In the experiment section, we first compared the receiver operating characteristic (ROC) performance of IHI-BMLLR with two state-of-the-art CNV detection methods (CCRET and DPtest) using four kinds of simulation data. The experimental results show that IHI-BMLLR can significantly improve the detection performance of disease-related CNVs using gene data. From the results of the boxplots, we can see that the stability of IHI-BMLLR is better than CCRET and DPtest. Prostate adenocarcinoma (PRAD) is the most common cancer for males and the second death rate caused by cancer in men (Jemal et al., 2011). IHI-BMLLR was applied to PRAD data and obtained many CNV–disease path associations on the PRAD data from The Cancer Genome Atlas (TCGA) (Tomczak et al., 2015). IHI-BMLLR identified 212 significant paths, among which we analyzed top 10 path associations and calculated statistical significance of CNVs and genes in the paths. We used real and fake data test to calculate statistical significance of the top 10 CNV–disease path associations. The software and data of IHI-BMLLR are available at https://github.com/nathanyl/IHI-BMLLR.

## Materials and Methods

### Simulation Data and Prostate Cancer Data

In the “Results and Discussion” section, we compared IHI-BMLLR with CCRET and DPtest on simulation data and prostate cancer data. In this section, we will introduce simulation data set and prostate cancer data. Simulation data set contains four kinds of data sets with the same number of CNV–gene true associations, the same number of features, and different sample sizes (i.e., 1,000 CNVs, 100 genes, and 1 disease state). In simulation data set, the number of CNV–gene true associations is 100 CNVs–10 genes associations, the number of samples *N* ∈ {200, 500, 800, 1100}. The simulation data were generated as follows. Firstly, we generated 100 causal CNVs that are related to disease. The state label of the data is an equal number of diseases or normal states (i.e., the same number of 0s and 1s; 0 means normal state, 1 means disease state). Secondly, we used a three-layer fully connected neural network to generate 10 gene expression data. In the three-layer fully connected neural network, the input layer contains 100 nodes, the middle layer contains 10 nodes, and the output layer contains 1 node. The nodes in the input layer represent CNVs, the nodes in the middle layer represent genes, and the nodes in the output layer represent disease. Thirdly, we used the TensorFlow with the back propagation (BP) algorithm to train the three-layer fully connected neural network until the neural network can correctly predict more than 95% of disease state label nodes (Abadi et al., 2016). We used the values of the middle layer nodes as gene expression values, and the values in the input layer nodes were mapped to [−2, −1, 0, 1, 2]. Finally, we added 900 CNV values and 90 gene values to the sample. The CNV values were randomly selected from [−2, −1, 0, 1, 2], and the gene values were from Gaussian distribution. The 900 CNVs and 90 genes represent CNVs/genes that are not related to the diseases. Meanwhile, we also added noise data from Gaussian distribution *N*(0,1) to the data.

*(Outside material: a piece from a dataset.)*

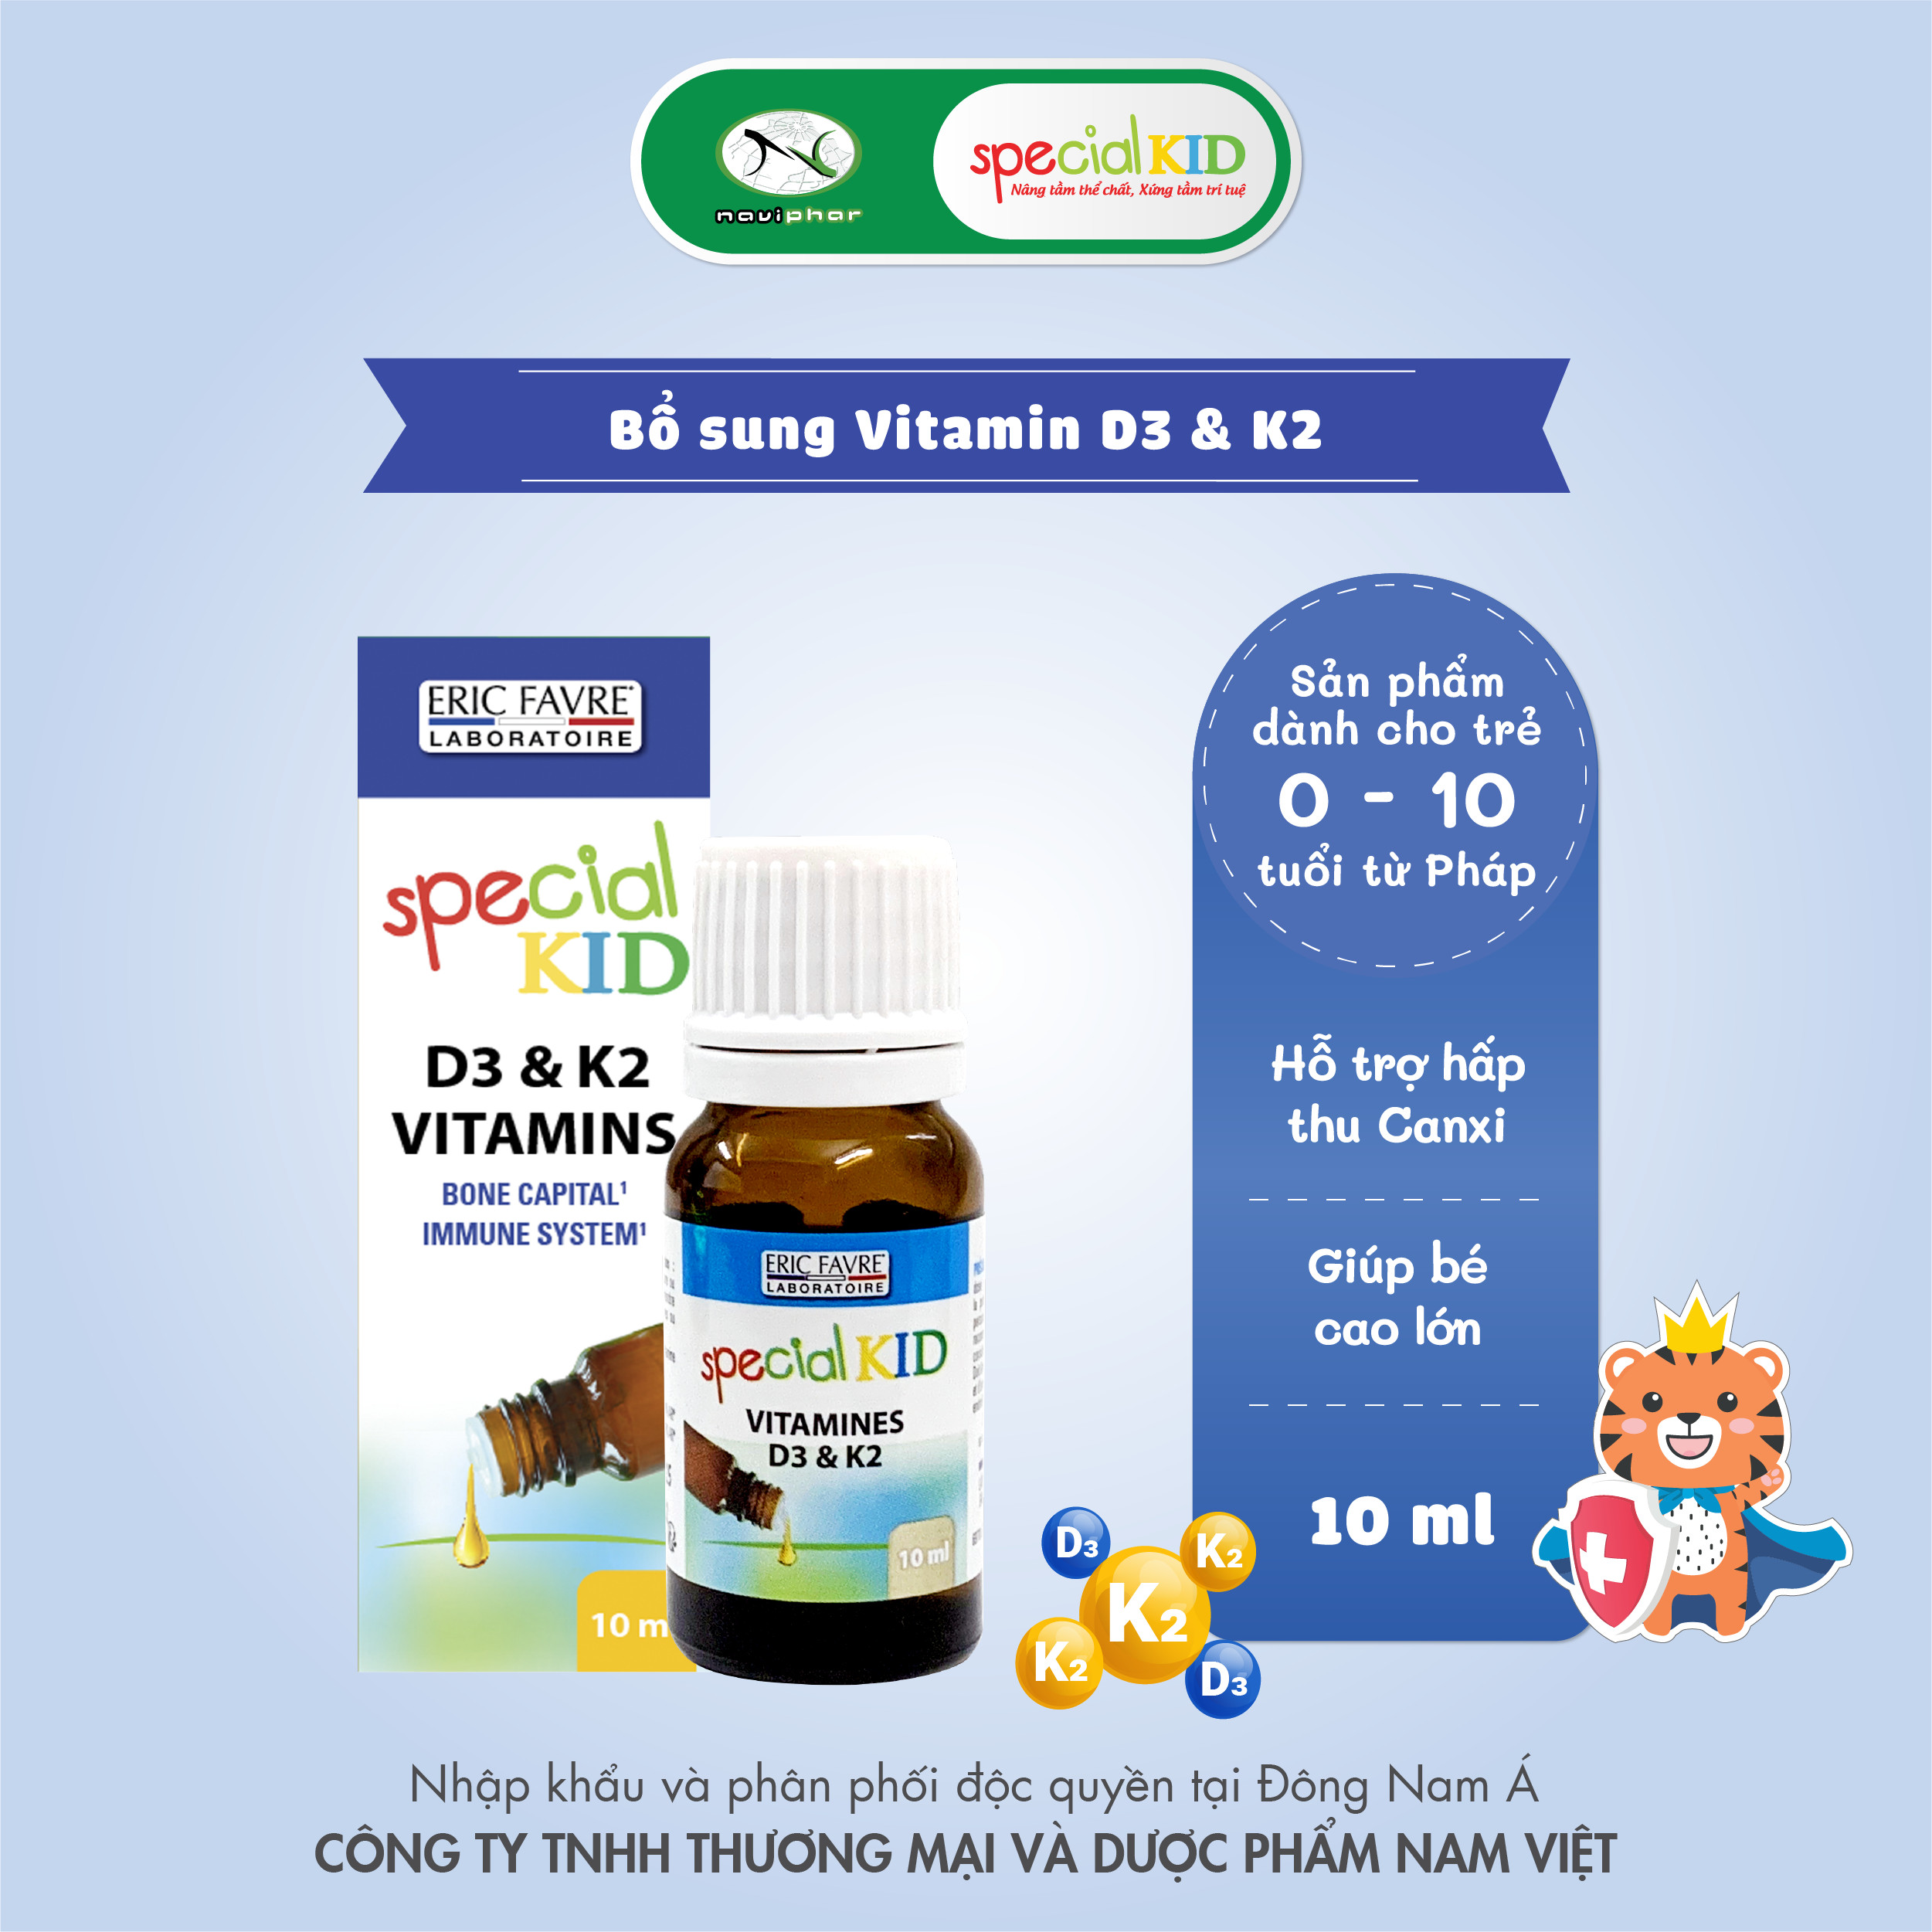 Tinh dầu bổ sung Vitamin D3 và Vitamin K2 hỗ trợ tăng cường hấp thu canxi - TPBVSK Special Kid Vitamines D3 et K2 - 10ml [Nhập khẩu Pháp]
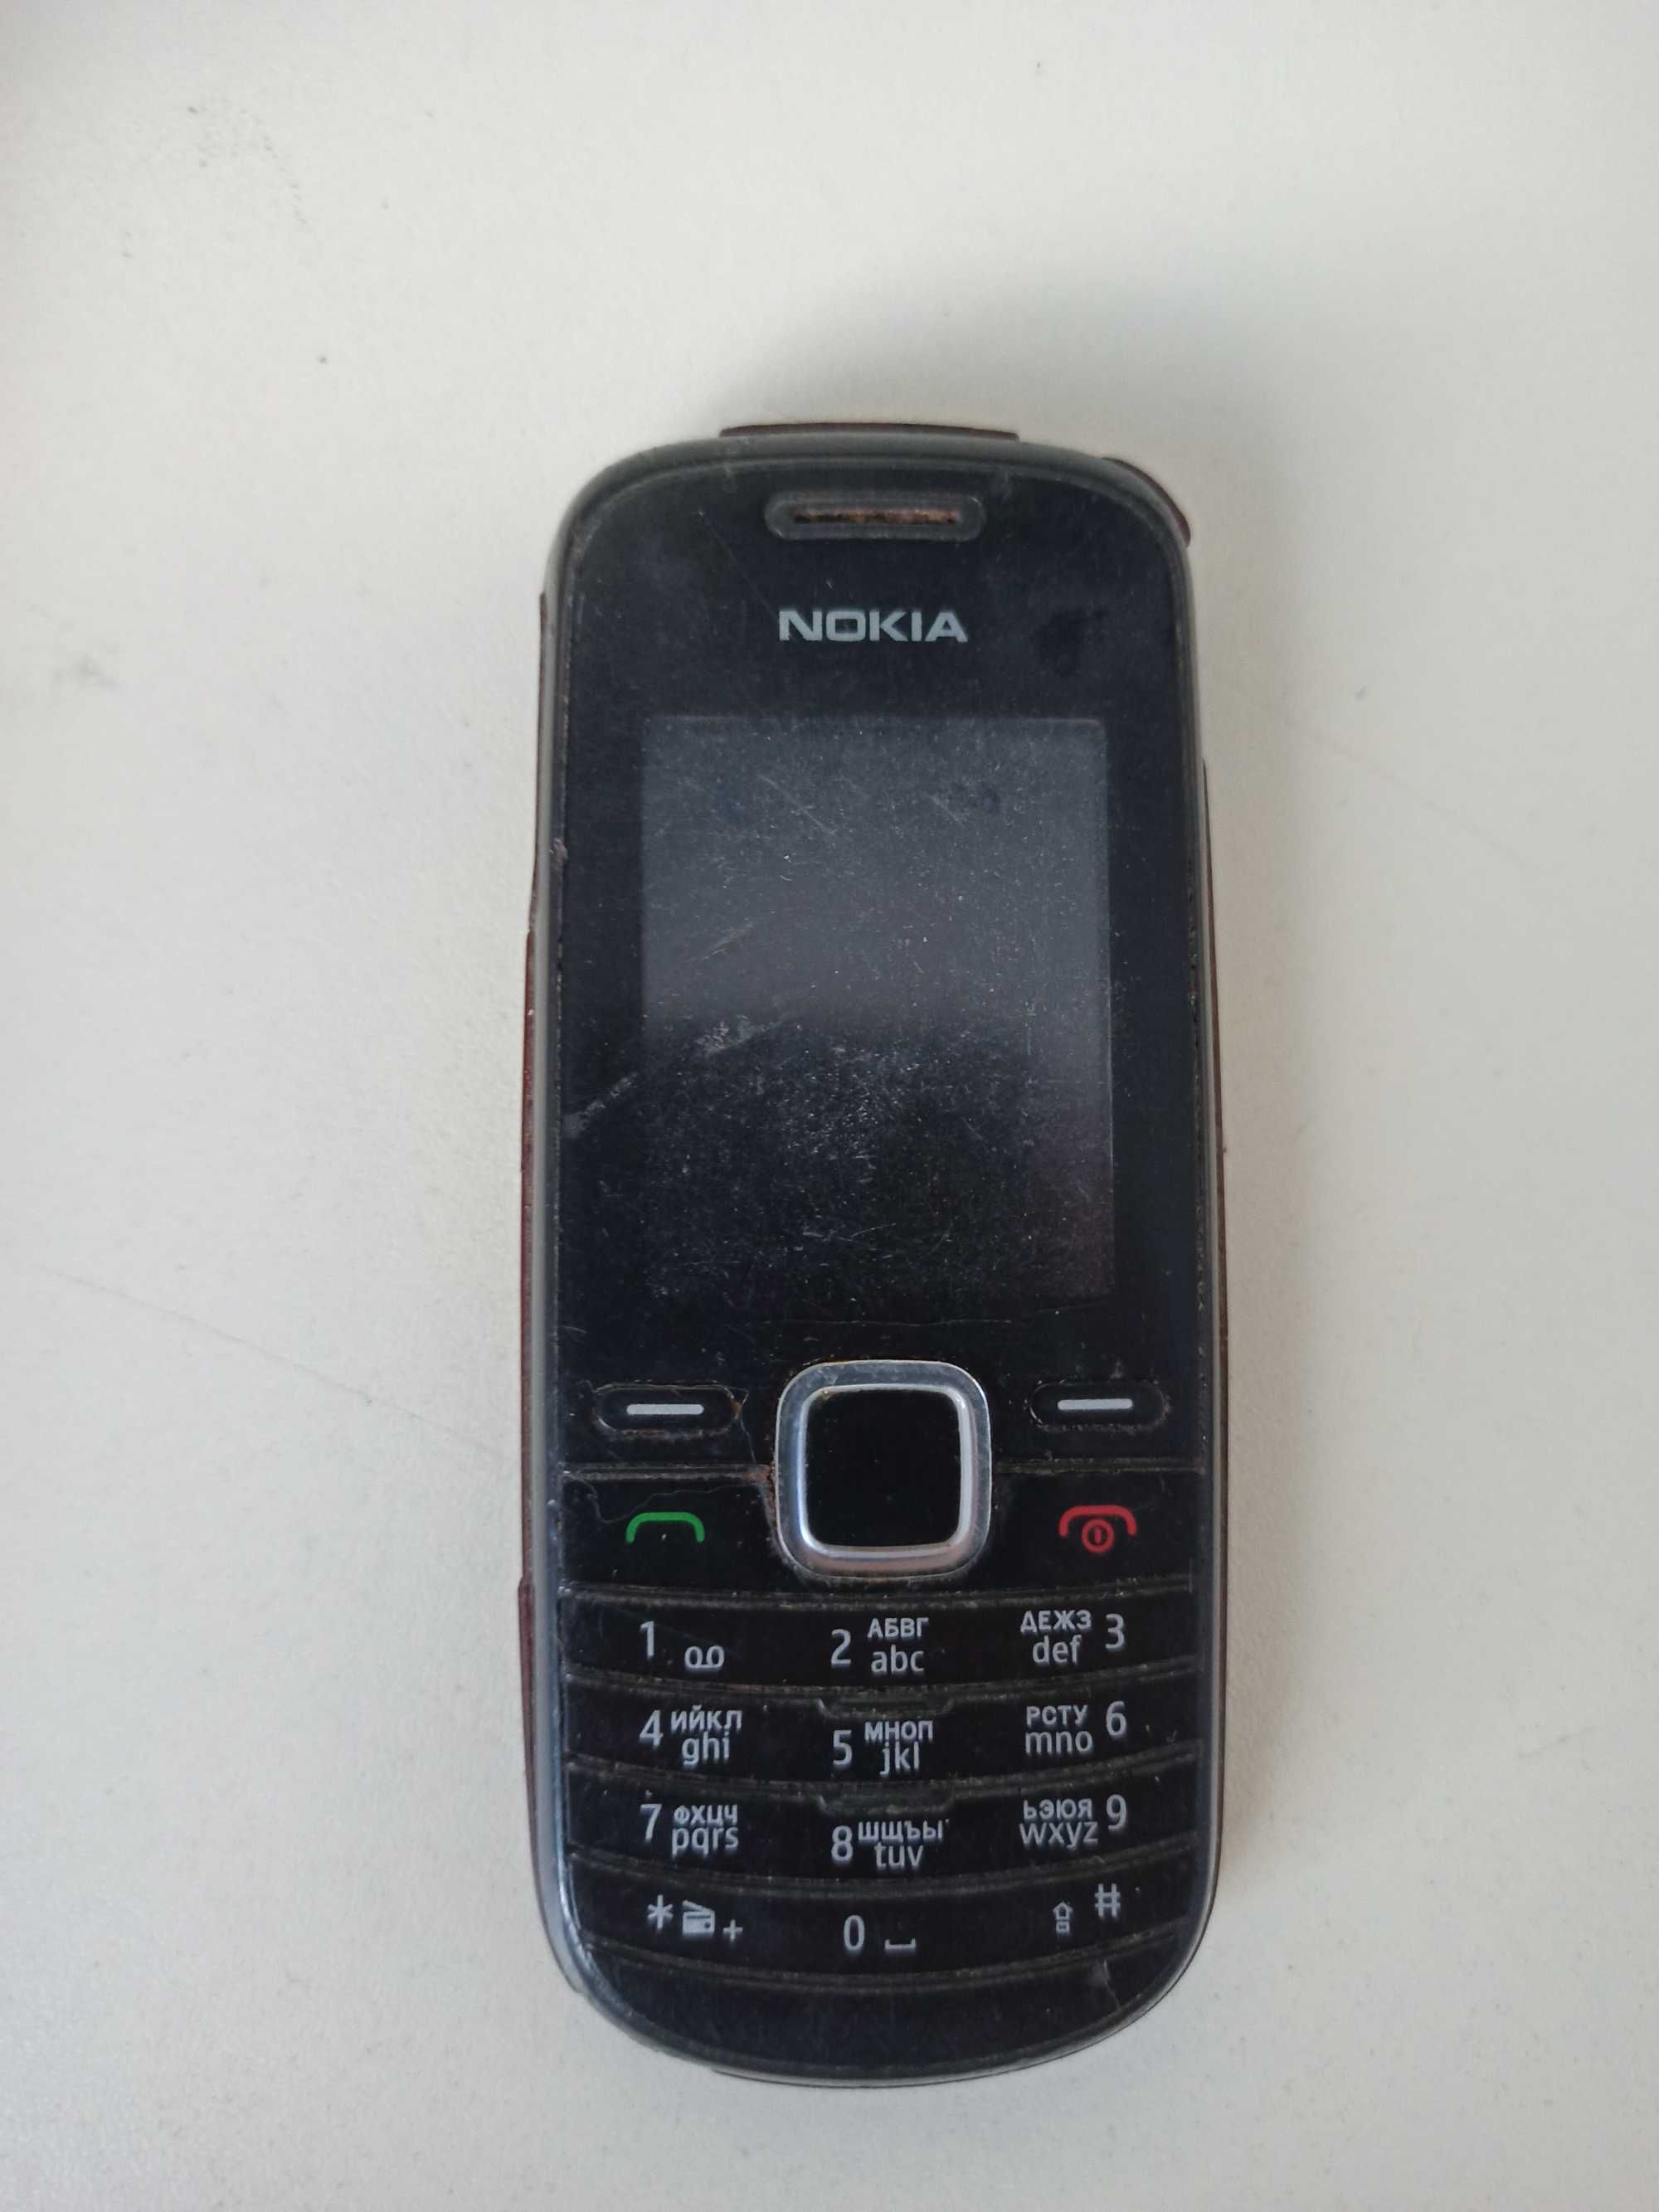 Телефоны доноры на запчасти Nokia, Samsung (большой выбор)

The PRAD data were downloaded from https://xenabrowser.net/ (Goldman et al., 2017). The CNV profile of PRAD was measured experimentally using genome microarray and the GISTIC2 method (Mermel et al., 2011; Izzi et al., 2020). The Illumina HiSeq 2000 RNA Sequencing platform was used to measure the gene expression profile (Fumagalli et al., 2014). The corresponding disease state label data were downloaded from TCGA Pan-Cancer Clinical Data Resource (TCGA-CDR) (Ge et al., 2016; Liu et al., 2018). We ran simulation and prostate cancer data experiments on a computer with Intel Xeon W-3175X CPU and 256G RAM.

### Methods

In this paragraph, we introduce the notations used in this article. We used boldface uppercase to represent matrices, boldface lowercase for vectors, and lowercase letters for scalars. We denote the CNV genotype data matrix by *X* ∈ *R*^{N×P}, where *N* is the sample size and *P* is the CNV number, *x*_{j} denotes the *j*th column of CNV data matrix, ^{xi} denotes the *i*th row of CNV data matrix, and ${x}_{j}^{i}$ is the (*i*, *j*) element of CNV data matrix. Gene expression matrix is represented by *Y* ∈ *R*^{N×Q} with *N* sample size and *Q* gene traits, and disease state label matrix is represented by *Z* ∈ *R*^{N×K} with *K* diseases.

In the following paragraphs, we introduce the methods in the machine learning framework of finding the CNV–disease path associations. We also introduce how to discover CNVs affecting genes, identify genes affecting diseases, construct a biological network, and define a mathematical formula to calculate the scores of the path associations. Finally, we show how to use a weighted path search algorithm to discover top *D* path associations and important CNVs. Figure 1 illustrates the structure of IHI-BMLLR method.

### Discovering Paths in a Biological Association Network

We constructed a biological association network, the nodes in the network are used to represent CNV, genes, and diseases. We describe how to establish a connection between two nodes using self-adaptive BM coefficient and LLR under SS strategy. Self-adaptive BM and LLR are powerful techniques to find correlations between CNVs and genes or correlations between genes and diseases, and the SS method is used to effectively control the number of false-positive results.

Based on the self-adaptive BM coefficient, we computed correlation coefficients between CNVs and genes (Langfelder and Horvath, 2012):

The parameter *α* is often set to 9 empirically. However, this setting does not consider the characteristic of the data. In this paper, we set *α* to the data-driven parameter (*mad*(**x**)+*med*(**x**))/2. The range of self-adaptive BM values is from −1 to 1. If the correlation between a pair of elements is stronger, the absolute value of BM is larger.

Next, Equations (2) and (3) are used to detect associations between diseases and genes, the logistic loss function is applied to measure the gap between predicted disease state and true disease state (i.e., mark the disease state as 1 and mark the normal state as 0). Given a gene expression vector **y** as follows:

where θ ∈ ^{RQ} represents coefficient value vector of logistic regression model in Equation (2), and σ(⋅) represents the sigmoid function; thus, logistic regression formula with L1 penalty function can be defined as follows:

In practice, our proposed method IHI-BMLLR is used to study a class of diseases and the disease state matrix is denoted by *Z* ∈ *R*^{N×1}. The regularization parameter can affect the performance of model; the regularization parameter *λ* is determined by cross-validation technique. However, we tend to get many false-positive results when only using the cross-validation technique (Meinshausen and Bühlmann, 2010; Yuan et al., 2017). We combine the SS strategy when using self-adaptive BM and LLR algorithms. We will introduce the SS strategy later.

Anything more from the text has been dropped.